On a summer day, when my oldest child was very young (probably two or three years old), I put him in the child seat on my bike and took him for a ride. The weather was fine when we left our house, but after a few minutes it began to rain.

Fortunately, a friend of mine happened by in his car just as the heavens opened. He pulled over, I unbuckled my son from the bike seat, and I handed my little boy to my friend. My son immediately began screaming as I gave him away to a person who to him was a perfect stranger. My friend drove off with his terrified passenger, and I rode my bike as fast as I could behind them in the pouring rain. When I got home, I was drenched, my son was shaking in his mother's arms, and my friend accepted our thanks for rescuing our precious little one from the storm.

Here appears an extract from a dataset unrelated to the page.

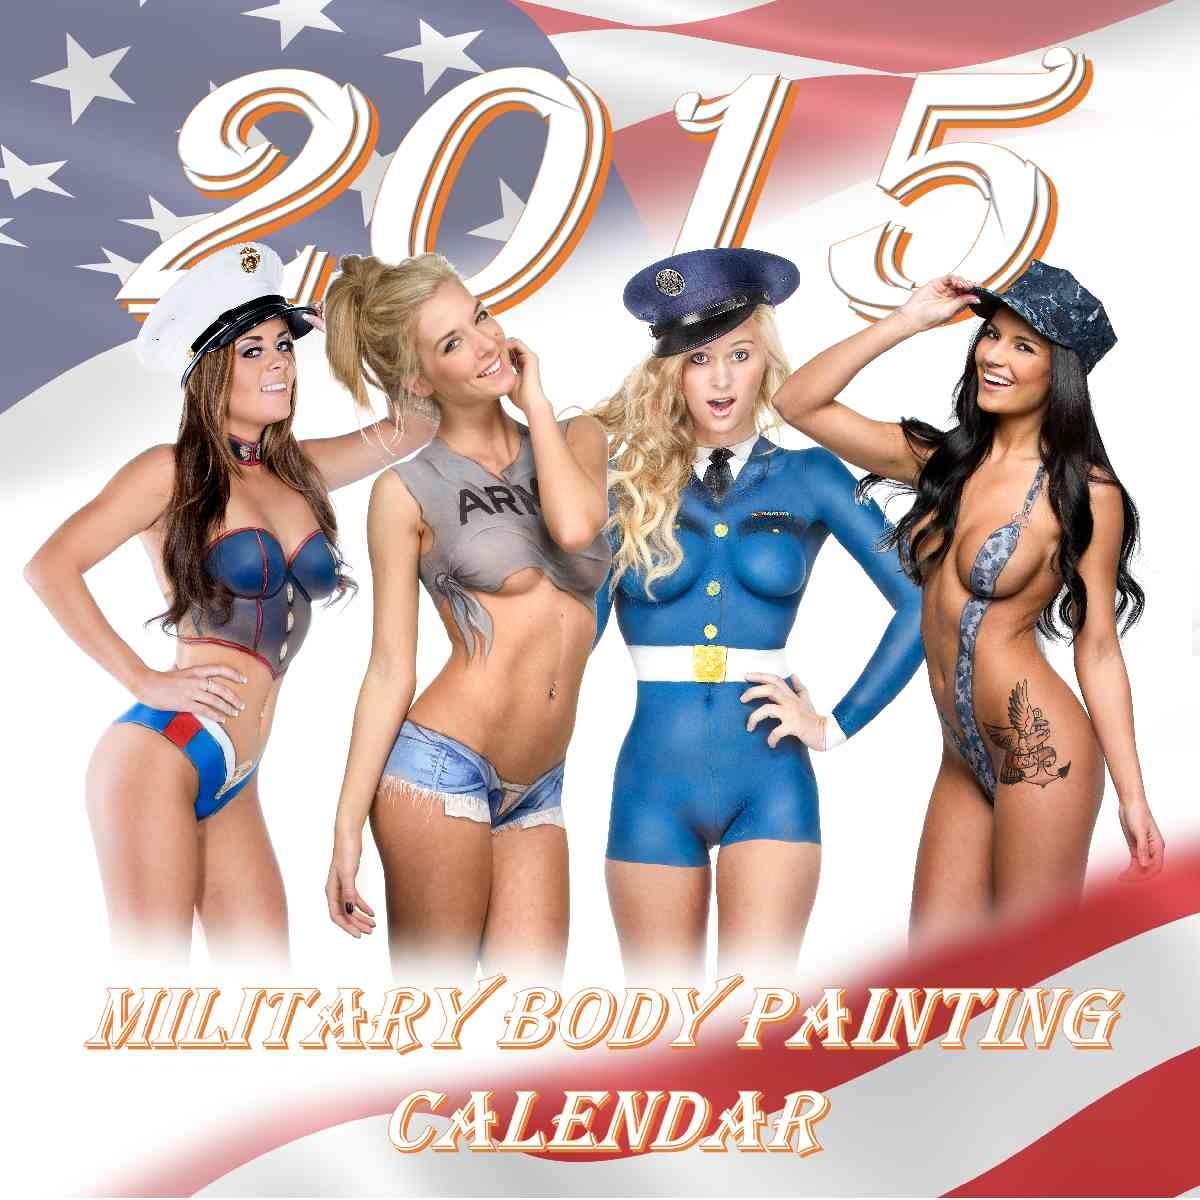 2015 Military Body Painting Calendar Engelart 9780985145736 Amazon Com Books
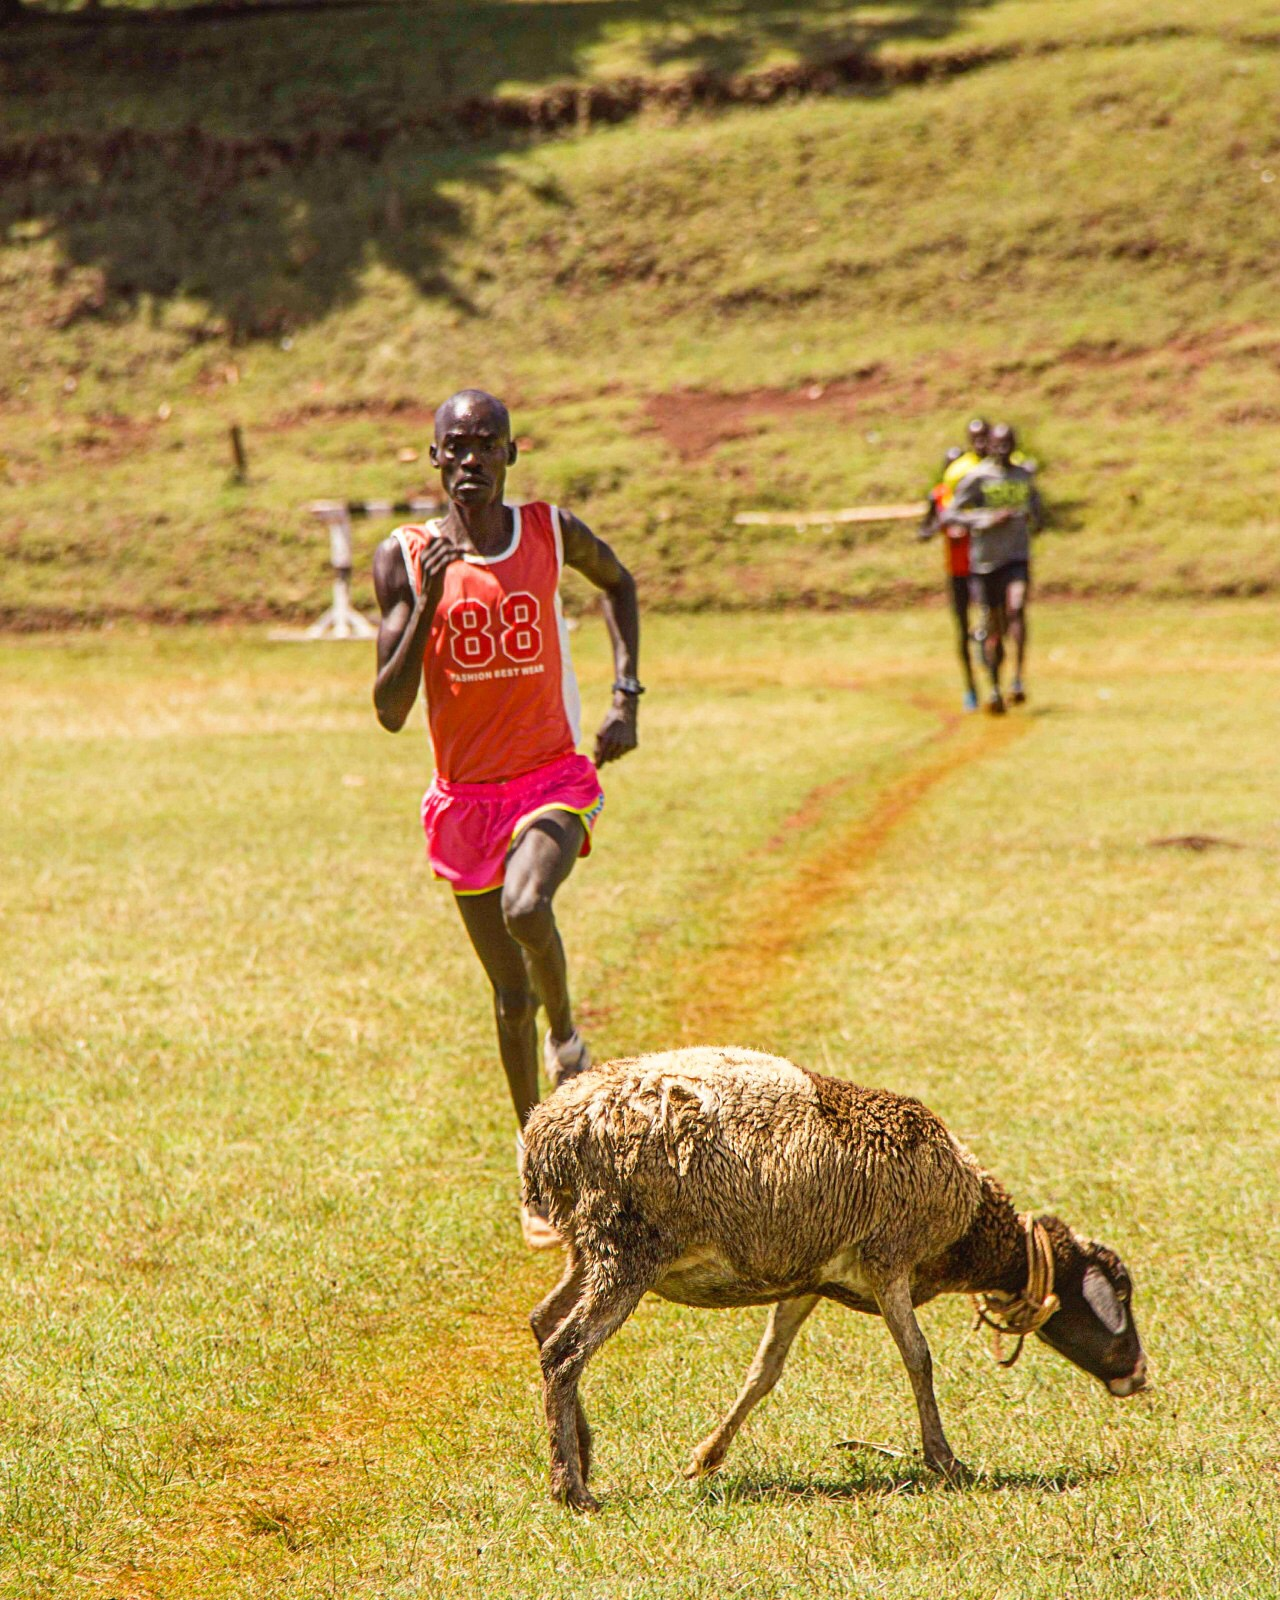 Training athlete. Kamariny stadium. Iten. Kenya by behankieran

In the decades since that ill-fated ride, I never forgot the look of absolute terror in my son's face as I handed him over to a person he didn't know. I knew he would be home in short order, but all he knew was that he was suddenly being separated from his father and delivered to a total stranger who was taking him away. I've never doubted that I did the right thing, but my son's piercing wails still haunt me any time I think back to those brief but, for him, frightful moments.

That memory helps me imagine the terror that is now taking place among parents and children who reportedly are being separated by American immigration agents. Unlike in my story, those very young children are not being removed for their safety, and they will not be reunited quickly with their parents. They are being removed indefinitely, inhumanely, and for political purposes. What haunts me this time is not only that parents and children are being horrifically torn apart, but also that it is happening in the name of my country, by agents of my government.

Through its words and actions, the present Administration invites controversy on more than a daily basis. Sometimes the controversies concern the Administration's long-term agendas, and sometimes they concern near-term harm that its new policies are expected to cause to children and adults within our borders. But this one, this forcible removal of child from parent, this kidnaping (isn't that what it really is?), represents a new red line that no American President, Attorney General, or immigration or law enforcement official should ever have crossed. Whatever one thinks about immigration policy generally, all Americans of every political persuasion should be demanding an immediate end to this inhumane assault on families.

We are better than this.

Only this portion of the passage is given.